対象者は精神衛生の顕著な悪化を伴う激しいショック状態で帰還し、実験以前に属していた宗教への本能的な嫌悪感を表明します。対象者は例外無く、転移先は消失前と正確に同じ場所ではあったものの、自らの宗教のみが存在するディストピア的な世界であったと主張します。対象者が問題の世界に留まる正確な期間は断定されていませんが、実際の消失期間よりも大幅に長いようです。平均期間は3ヶ月程度と示唆されています。

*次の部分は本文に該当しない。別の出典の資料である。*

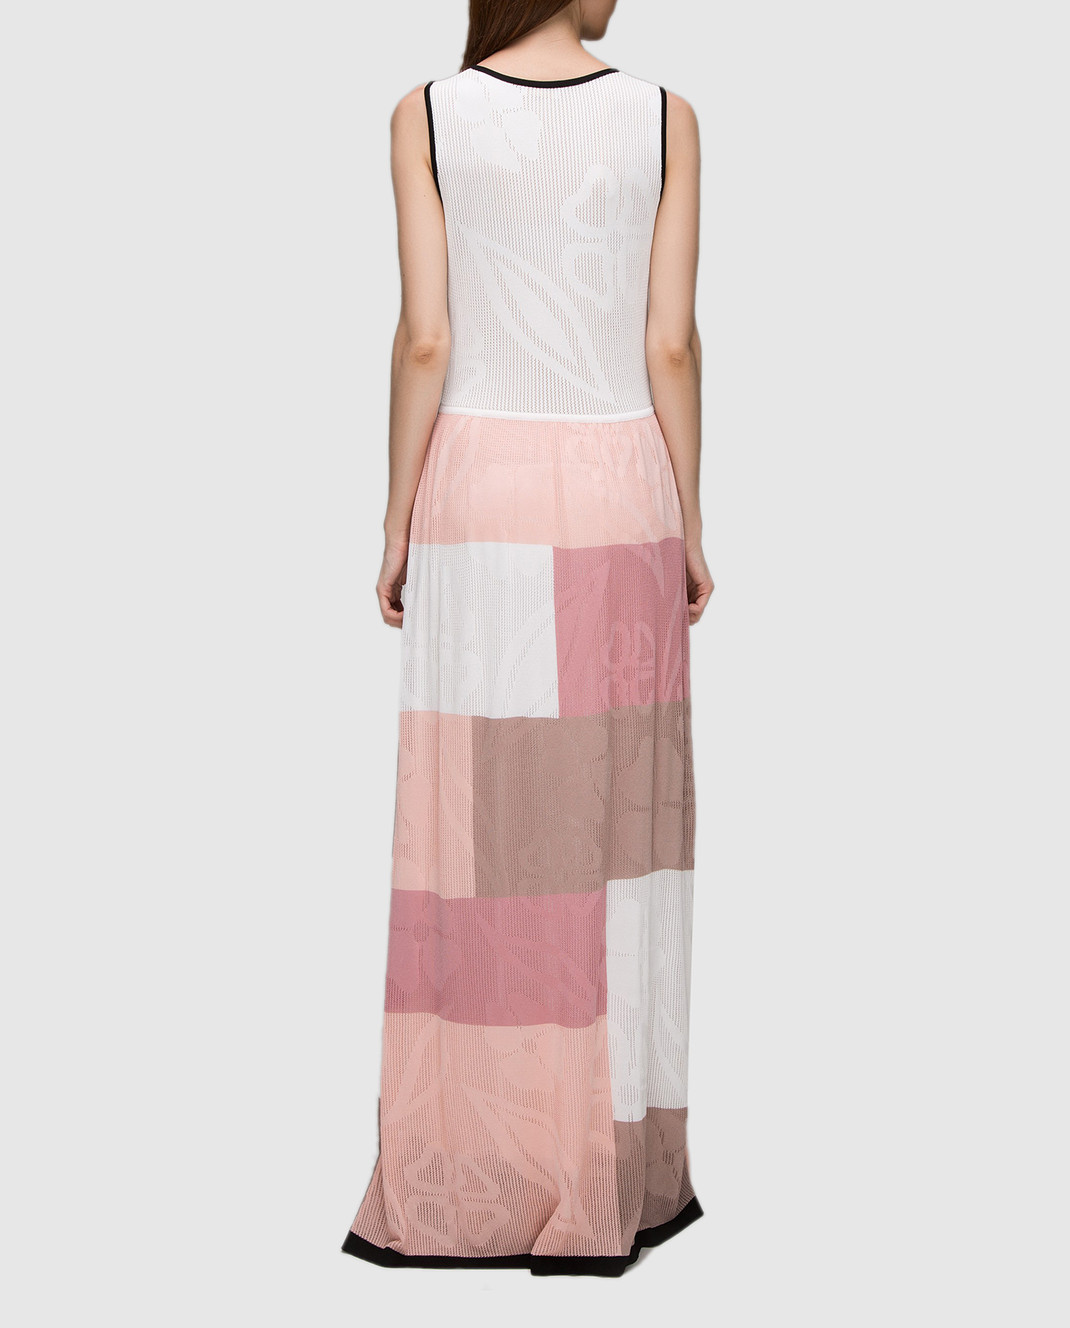 Tsarevna Пудровое платье  TS0100 изображение 4

対象者の深刻なショック状態が尋問に支障をきたすため、非常対応ユニットが設立され、また鎮静剤の使用が許可されました。

SCP-137-FR実験ログ:

回収ログ: SCP-137-FRは████/██/██、SAPHIRとして知られる組織のボランティア数名によって、フランス国ディジョンの街区で複数部が配布されたようです。地元警察に潜入しているエージェントが、“人が突然消失”して“完全なパニック状態で再出現”したという目撃者の通報を受けた時点で、この事件は財団の注目を集めました。機動部隊ゼータ-8 “白鳩”が目撃者と被害者への記憶処理を施すために到着した時点で、SAPHIR構成員は全てのSCP-137-FRを回収または破壊した後に姿を消していました。幸い、SCP-137-FRは中を開かなかった民間人により、街区の近辺にあるゴミ箱に投棄された状態で発見されました。

SAPHIRの性質と目的を断定する研究が行われていますが、現在までのところ、殆ど成果は上がっていません。これまでの調査結果から判断する限り、SAPHIRは合理的な思考を促進するために宗教全体へ打撃を加えることを望む知識人団体のようです。ロゴの下に記されたモットー、“Nostram Assulam Pavete”(ラテン語: “我らの輝きを怖れよ”)は、SAPHIRが自らを脅威と見做していることを示します。今後の解明が期待されます。